Possibly your best post yet. Thanks TD. We're so screwed its sad.

It would seem a little presumptuous that an amount representing more
than half of the total US sovereign debt is conveniently swept under
the rug.


dumpster's picture

trillion here , trillion there .. pretty soon they will be spending real money lol

Anonymous's picture

It's only a rounding error.

OutLookingIn's picture

"A nation is not going mad when it does extravagant things, so long as it does them in an extravagant spirit. But whenever we see things done wildly, but taken tamely, then the state is growing insane..."

-Gilbert Keith Chesterton 1910

QQQBall's picture

Now that is a great and appropriate quote

Anonymous's picture

Correct me if I'm wrong, but hasn't the $6.3 trillion already been spent? Thus, shouldn't it be part of last year's budget? Even then, isn't it more of a reallocation of balance sheets rather than a budget item? Just wondering...

Anonymous's picture

I see the Feds grow a "TARP Inspector General" in 2010 at a mere $25 million ($50 million in 2011).

Low pay by GS standards, but I'm willing to sign up.

Eally Ucked's picture

And you worry about Greece induced Euro crisis? Let's start printing!!!

OutLookingIn's picture

Once everyone realizes that they have been lied to, at which point the governments leadership credibility evaporates - leaving the populace with no jobs, no money, no services, no backstop, no justice, no faith, no hope, and no effective government for 300 million people who are armed to the teeth...


Anonymous's picture

simple cycle - at some point the majority realizes that "they" are laughing at them and not with them and those that still say, a man as underprivileged as we are is representing us realize that their chips taste like shit. I'm not down with Focker, nobody is going to milk me like a cat.

Ravi Batra is a good source for this social trend. We are such a vain society, everything ends and I would argue that there is a peak for everything from a macro perspective - I cant find one thing associated with this piggy empire that hasn't peaked out.

Anonymous's picture

so from an accounting perspective what is the multi-year impact of the 6.3t usd?....is it expensed in one year? i doubt it....is it capitalized? maybe....is loan loss reserves which should be established and if so how much per year? this number needs more analysis....it's not pretty but assuming that it should be expensed next year is nonsense....unless of course there are 6.3t usd in losses expected in one year...
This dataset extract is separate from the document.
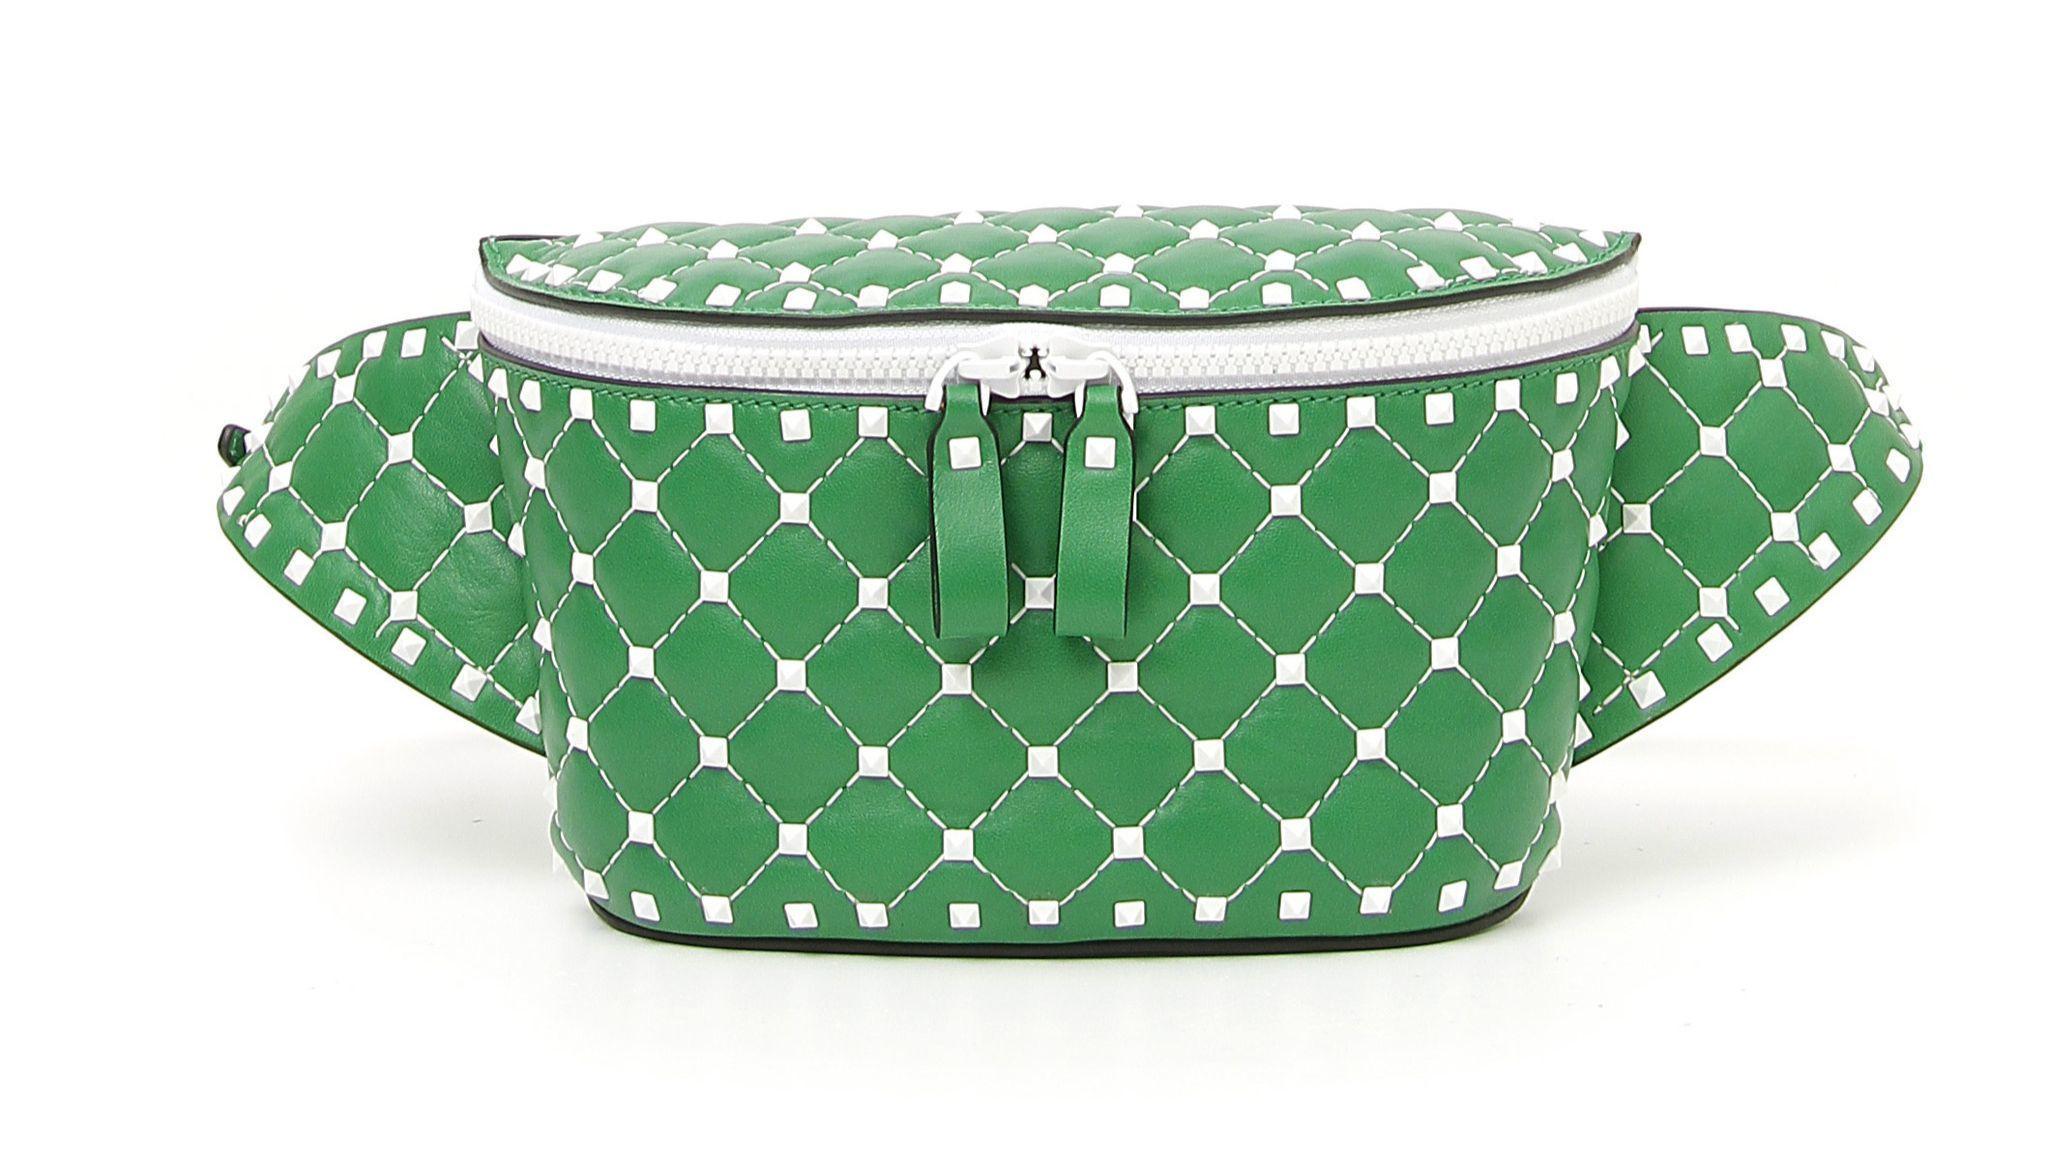 Valentino's Free Rockstud Spike Belt Bag.

Mr Lennon Hendrix's picture

I am not buying an ipadddddddddddddd.  O.  Buy Silver.

Anonymous's picture

Fook that little cute runt iPad. I am ordering parts to build for myself a last remaining example of a Crossfire gaming computer to take advantage of a dying video game market as I seek to escape a failing society that does not have anything to do when this is all over.

They can take thier iPads and shove it. I build my own, just never heavier than I can physically lift.

Daedal's picture

This reminds me of a co-worker who, when questioned about why his number was off by $10million, responded with: "Immaterial."